On July 17, 2020, the SEC and DOJ filed a complaint stipulating that Hu violated Section 17(a) of the Securities Act of 1933, Section 10(b) of the Securities Exchange Act of 1934, and various rules of the Investment Advisers Act of 1940.

The SEC accused Hu of organizing multiple frauds since October 2013, overvaluing assets, charging inflated fees, selling $60 million in fake loans, using the proceeds to pay earlier investors, hoodwinking clients by providing fake documentation for non-existent loans, forging credit, and fabricating promissory notes. The SEC investigation of Hu was spearheaded by Philip A. Fortino, Lindsay Moilanen, Diego Brucculeri, Eli Bass and was supervised by Sheldon L. Pollock and Osman Nawaz. The FBI also assisted the SEC in the investigation.

Hu was charged in the case U.S. v Hu, 20-cr-360. The trial took place in the U.S. District Court, Southern District of New York in Manhattan.

On January 28, 2021, Hu pleaded guilty of fraud, including wire fraud, securities fraud, investment adviser fraud, and conspiracy. In April 2021, Silver also pleaded guilty.
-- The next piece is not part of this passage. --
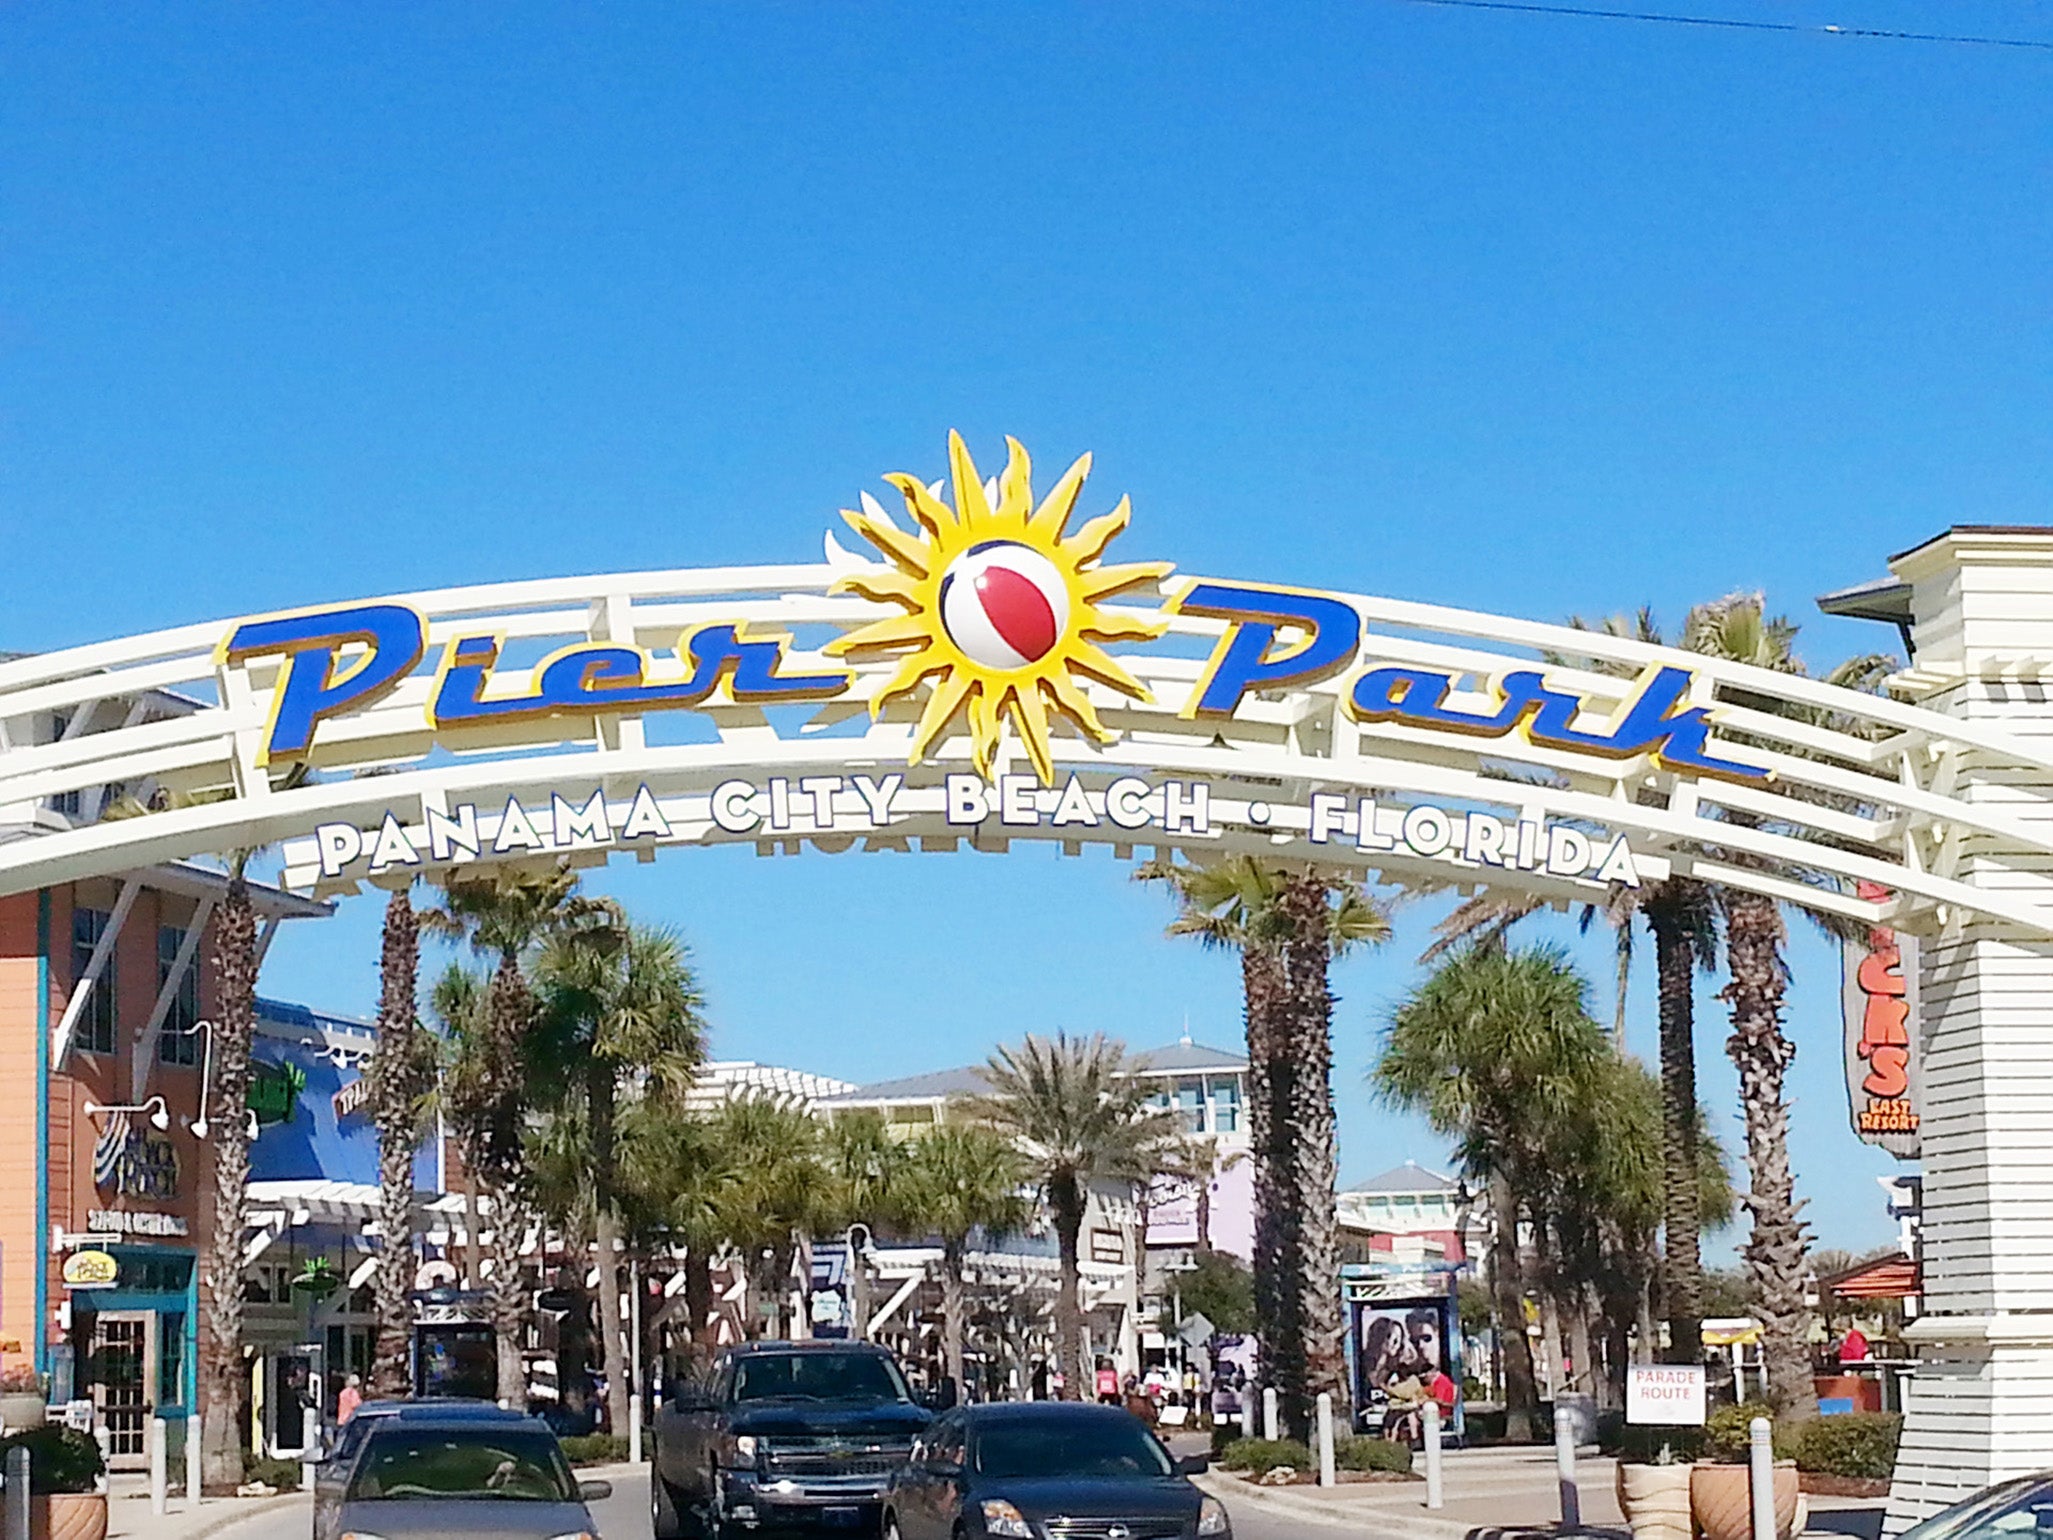 Check out Shopping and Restaurants at Pier Park

In April 2022, U.S. District Manhattan Judge Alvin Hellerstein sentenced Hu to 12 years in prison for the following charges:
- Mismarking defaulted loans
- Mismarking distressed loans, including loans where the borrowers missed several scheduled payments
- Fabricating fake loans to cover up losses of defaulting loans of TOF from auditors
- Abusing a CLO trust to create liquidity on fake loans
- Abusing Panama shell entities created by IIG to hide losses
- Selling more than $200 million in fake loans to GTFF and STFF to create liquidity
- Getting a mutual fund to invest in a fake $6 million loan in December 2012. The borrower failed to repay the loan in February 2017. Hu forged documents to conceal the fraud and cover up the Ponzi scheme.

Hellerstein said the 12-year sentence was to deter others in the financial industry from engaging in a similar kind of fraud. In addition to 12 years in prison, Hu was also ordered to serve three years of supervised release. Hu's ill-gotten assets of $4,798,232 plus interest $461,477 were also ordered to be disgorged. In a parallel proceeding, Hu was found guilty and ordered to forfeit these assets and pay restitution. In total, Hu was also forced to forfeit more than $129 million in funds related to his crimes.
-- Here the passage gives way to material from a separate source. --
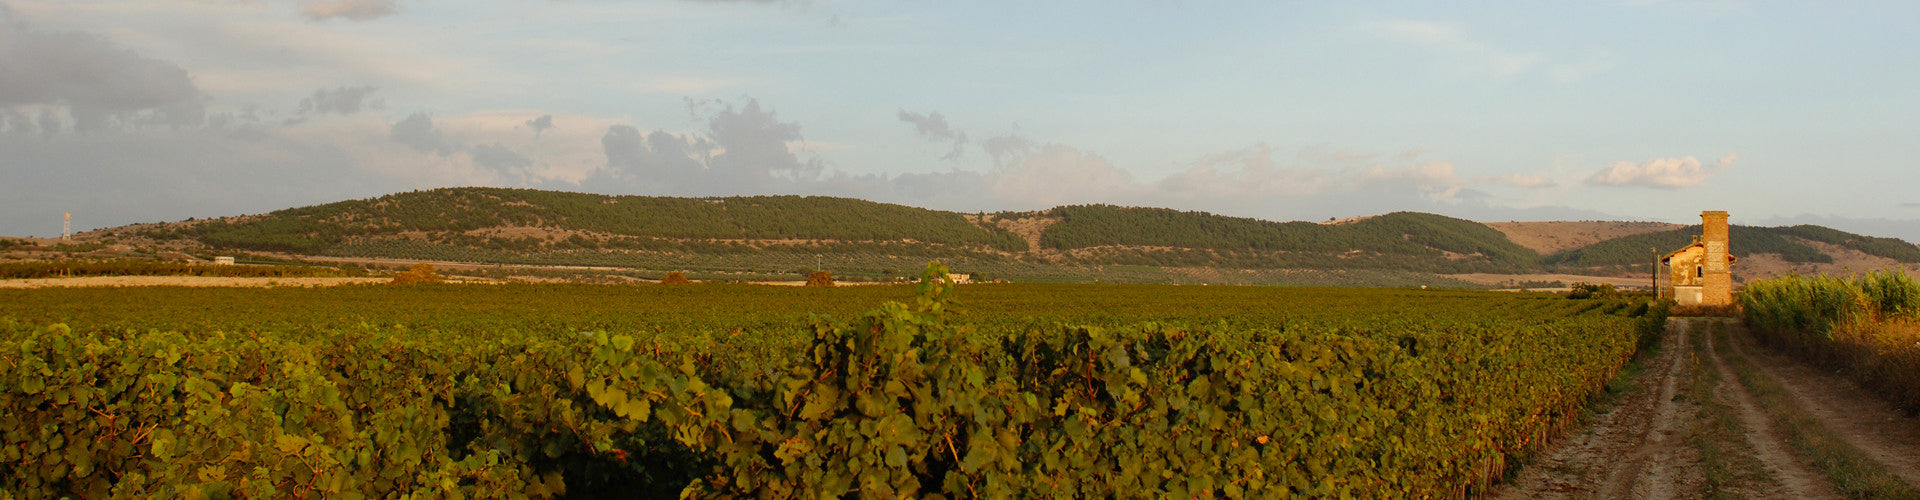 Tormaresca Vineyards in Puglia, Southern Italy

On September 22, 2022, the U.S. District Court enjoined Hu from further violating antifraud laws.

In February 2023, Silver was sentenced to 13 months in prison. Silver was given a shorter sentence as it was mainly Hu who masterminded the Ponzi scheme. Silver was 65 years old at the time of his sentence.

==Operations==
IIG Capital primarily focuses on facilitating the financing of trade transactions involving commodities that can be hedged and liquidated easily. IIG Capital uses a structure it developed called “transactional equity,” in which the firm helps fund the down payment required from a merchant seeking financing from a bank; this process enables the merchant to qualify for the bank financing.

The company specializes in global trade, investment funds, and loans. The company also provides advisory services and management through three private funds: the IIG Global Trade Finance Fund (GTFF), Structured Trade Finance Fund (STFF), and Trade Opportunities Fund (TOF). Another of its affiliates, IIG Bank Malta, provides private banking, wealth management, corporate banking and trade finance in Malta.

The firm provided loans for Central and South American small and medium-sized enterprises using food products, such as fish and coffee, as collateral. For example, they advised the Venezuela Recovery Fund (VRF) for a failed bank in Venezuela.